此部分关于缓慢的对等体功能在各种情况下描述移动进程。

没有缓慢的对等体功能的移动

一慢对等体可以手工移动到一新的更新组里,不用缓慢的对等体功能。

在缓慢的对等体功能是可用的前,您要求识别慢对等体手工然后移动它在更新组外面。这完成与对该BGP对等体出局策略的一更改。此出局策略跟使用的任何其他一定不同,您必须保证慢对等体不移动向当前存在的另一更新组(和请移动问题向该更新组)。您能应用的最好的更改是不影响实际策略的一个。例如,您可能更改最低的路由通告间隔(MRAI)对等体(在特定AF下)。

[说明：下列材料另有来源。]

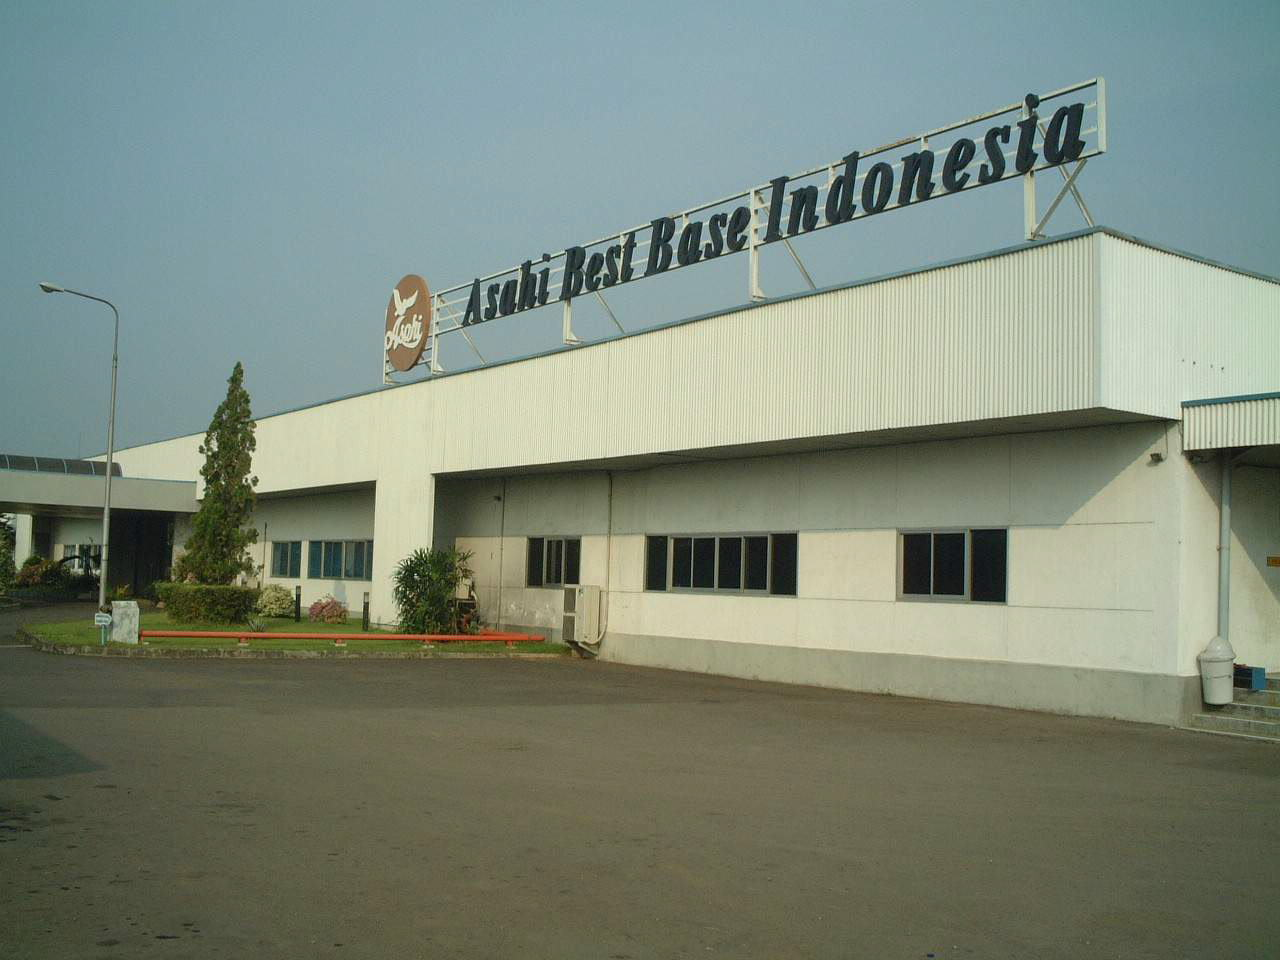 Info Loker Pabrik Di Karawang Kiic Lowongan Kerja Pt Nestle Indonesia Loker Cpns Bumn 1280 X 960 Jpeg 111kb Lowongan Kerja Pt Asahi Best Indonesia Bekasi

这是显示一慢对等体的手工的移动的示例,当缓慢的对等体功能不是可用的时:

RR1#debug ip bgp groups 
BGP groups debugging is on

RR1(config)#router bgp 1                                   
RR1(config-router)#address-family vpnv4                          
RR1(config-router-af)#neighbor 10.100.1.3 advertisement-interval 3 

BGP-DYN(4): 10.100.1.3 cannot join update-group 1 due to an advertisement-interval
mismatch
BGP(4): Scheduling withdraws and update-group membership change for 10.100.1.3
BGP(4): Resetting 10.100.1.3's version for its transition out of update-group 1
BGP-DYN(4): 10.100.1.3 cannot join update-group 1 due to an advertisement-interval
mismatch
BGP-DYN(4): Removing 10.100.1.3 from update-group 1
BGP-DYN(4): 10.100.1.3 cannot join update-group 1 due to an advertisement-interval
mismatch
BGP-DYN(4): Created update-group 0 from neighbor 10.100.1.3
BGP-DYN(4): Adding 10.100.1.3 to update-group 0

静态缓慢的对等体移动

静态减慢对等体,为了移动从更新组的一对等体到一新的更新组里,您能配置它。如果有广泛慢对等体,则放置有同一出局策略的静态慢对等体到同一缓慢的更新组里。

为了静态移动一慢对等体,您能用使用这些命令配置它:

  • 启用静态对等体移动每个邻居或每对等组:
    [no] neighbor {<nbr-addr>/<peer-grp-name>} slow-peer split-update-group static
  • 通过对等体策略模板启用静态对等体移动:
    [no] slow-peer split-update-group static

动态请减慢对等体移动

默认情况下缓慢的对等体移动禁用。为了启用缓慢的对等体移动,您能通过这些方法之一配置它:

  • BGP进程的Enable (event)缓慢的对等体移动:
    bgp slow-peer split-update-group dynamic [permanent]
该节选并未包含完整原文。